Re: A Compromise to the Versioning Debate

Versioning is essential as a developer shipping applications to customers.
Today I write HTML pages starting with the strongest assertion I can make:

<!DOCTYPE HTML PUBLIC "-//W3C//DTD HTML 4.01//EN">

What this means in practice is that the page has been tested with IE6/7 and
Firefox, and found to work.  Does the page follow the HTML 4.01 standard?
Not in all cases.  In some cases both browsers omitted or added features
from the specification.  For the omissions I had to find alternatives.  To
get the job done, I have used features present in both browsers, but not
part of the standard.  I had to put in extra time to get page to work in
both browsers, as behaviors differ.

Once the page is written, tested, and the application shipped to the
customer, it is important that the browser implementations not change in any
way that could break the page.  Note that the DOCTYPE assertion does not
mean the page exactly follows the HTML 4.01 standard.  Strictly speaking,
the W3C HTML standard is a fantasy.  You cannot write pages for a fantasy,
you can only write pages for real, existing browser implementations.

Once the page is shipped to the customer, you must assume that from that
point forward it will not be possible to "fix" the page to adapt to future
browsers.  From that point forward, it is essential that the behavior of the
browser not change (at least for this page).

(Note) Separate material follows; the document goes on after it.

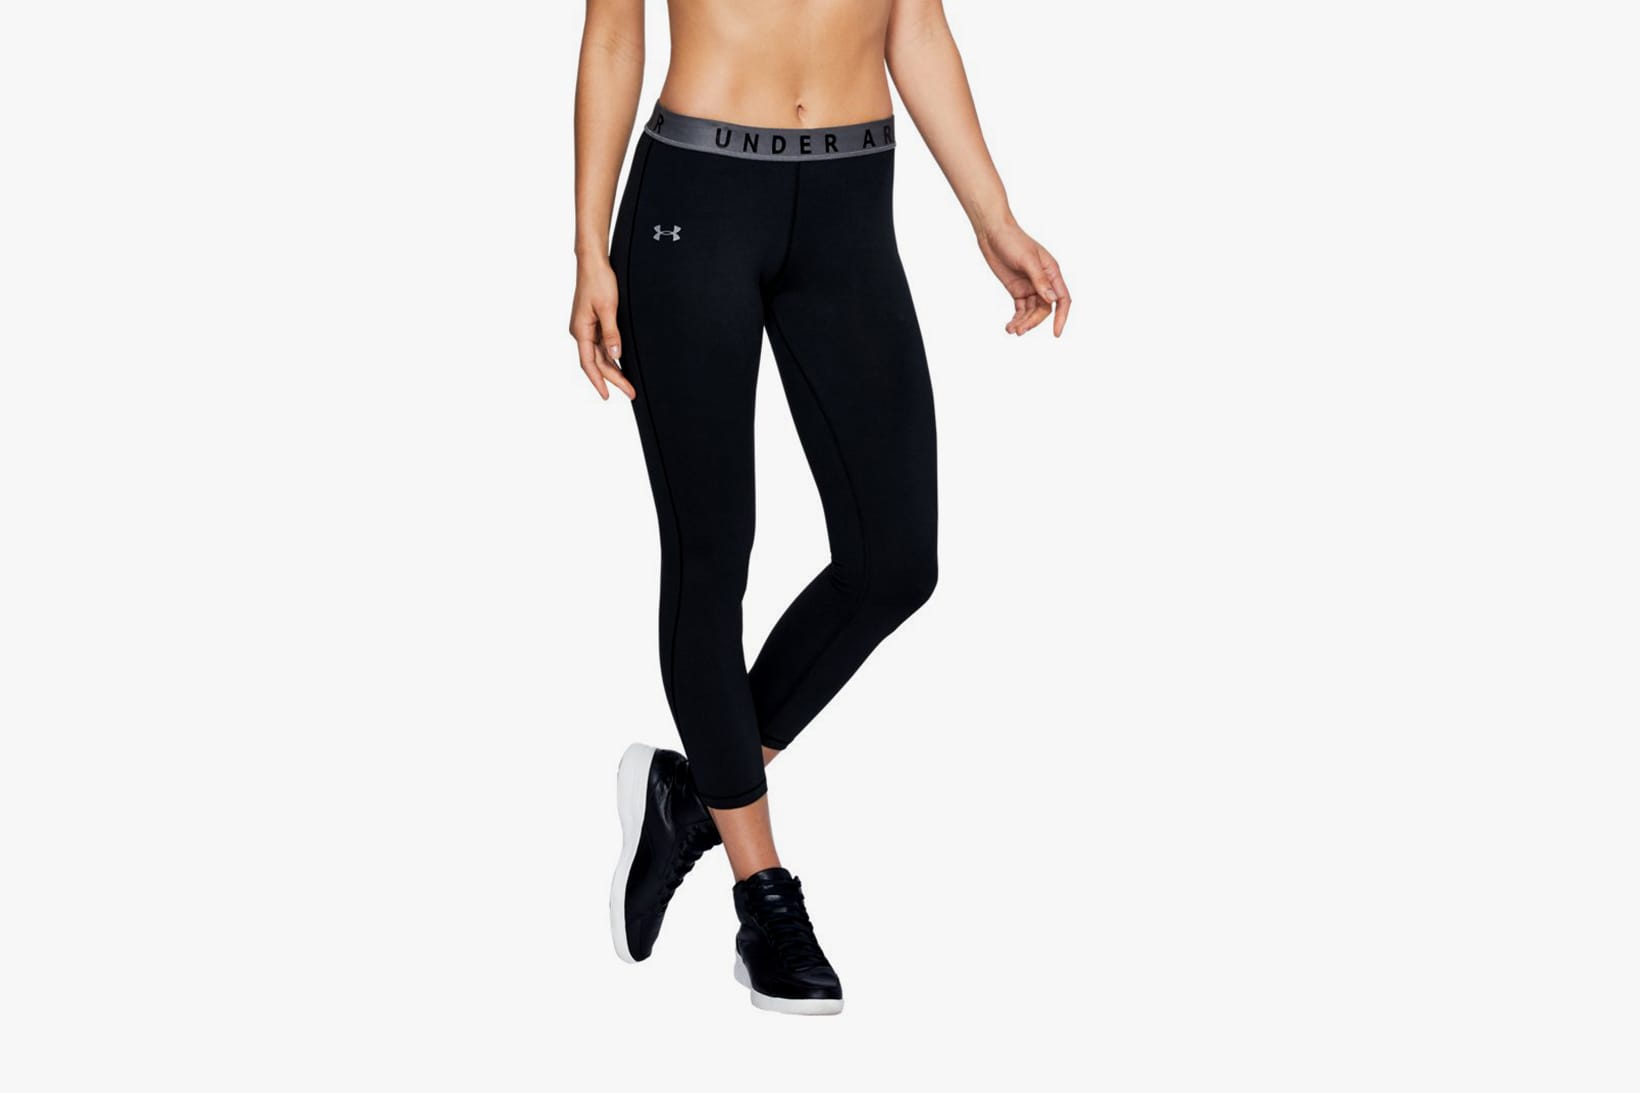 adidas women's yoga pants

For the page to work in the future, what the DOCTYPE declaration must mean
is more than just HTML version.  The declaration must in effect capture the
current CSS and Javascript versions as well, and any future browser on
seeing that declaration must offer the same combined package of
HTML/CSS/Javascript must offer the same behavior as present browser
implementations.

Some folk argue for opting in to future changes to HTML with a declaration
like:

<!DOCTYPE HTML>

In effect this declaration asserts that the page will work in (then) current
and all future browser implementations.  This will not work.  It could work
if the specification, validation tests, and browser implementations were all
perfect.  No one is that perfect.  If any changes or additions to HTML are
made over time, there will be unexpected interactions.  There will be
unintended changes in behavior that break pages.  Since pages can only be
tested against existing implementations, pages will be based on behaviors
that are not intentional, or part of the standard.

We will make mistakes.  Hopefully we will learn from our mistakes, and over
time the scope of our mistakes diminish.  Validations tests (mainly
automated) are crucial if we want fast convergence.